The function `f(x)` appears to measure the association of a word with different concepts. It returns a value between 0 and 1, where a value closer to 1 indicates a stronger association with the given concept.

- The words "lawyer" and "CPU" have very low values (0.0002), suggesting a low association with any specific concept.
- The word "stanza" has a higher value (0.0021), indicating a slightly stronger association with a particular concept than "lawyer" and "CPU".
- The words "Buckingham Palace" and "borrow" have higher values (0.0373 and 0.0223), indicating a moderate association with certain concepts.
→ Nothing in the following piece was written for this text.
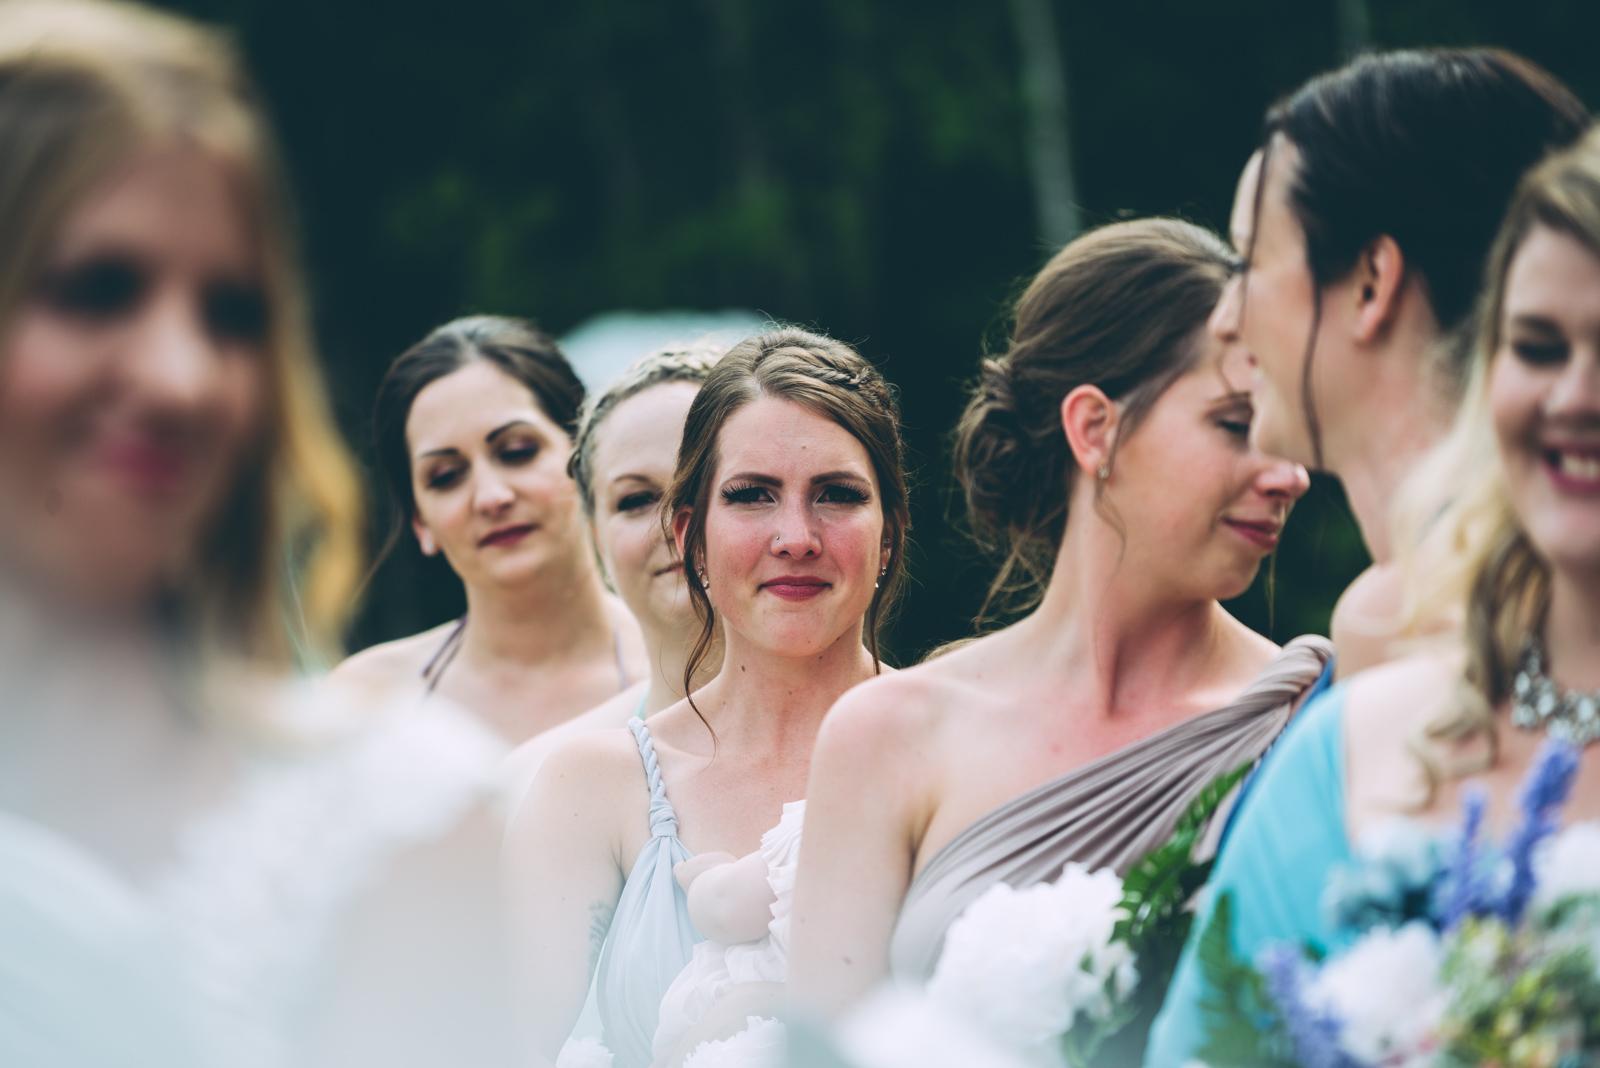 top-wedding-photos-2018-blog-31.jpg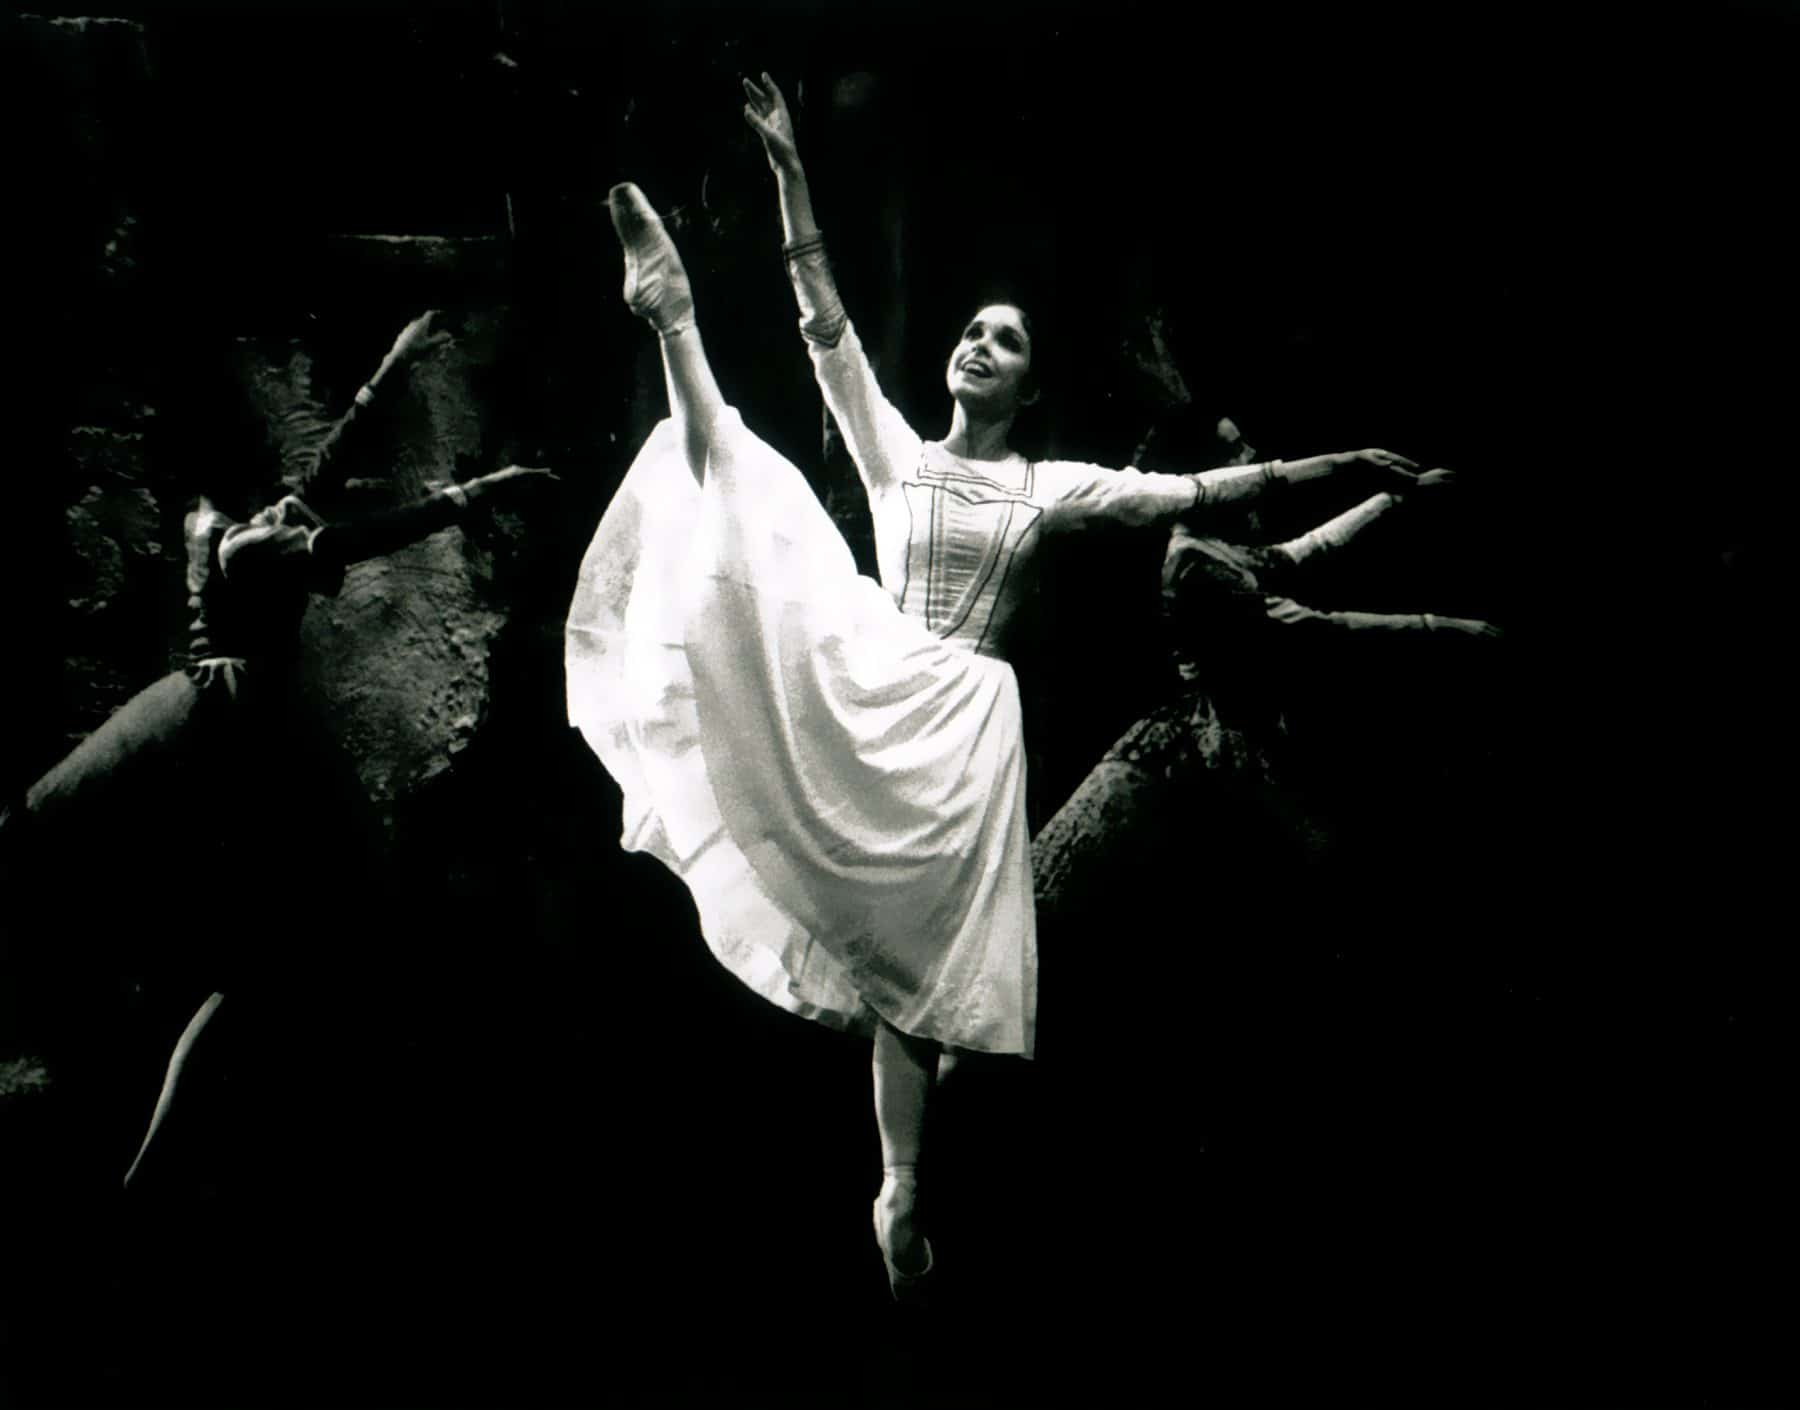 Rosetta Cook: Giselle ACT 1, 1985

- The words "pitcher" and "pawn" have even higher values (0.0272 and 0.0036), suggesting a stronger association with the underlying concept.
- The word "Michael Phelps" has a value of 0.5, indicating a significantly stronger association with a particular concept.
- Finally, the words "lens" and "camera" have values of 0.9959 and 0.9982, respectively, indicating an extremely strong association with a specific concept.

Based on this information, it seems that the function `f(x)` is selective for different concepts. The concept associated with each word varies in strength, ranging from a weak association (e.g., "lawyer" and "CPU") to a strong association (e.g., "lens" and "camera"). However, without further exploration or domain knowledge, it is challenging to determine the exact concepts associated with each word.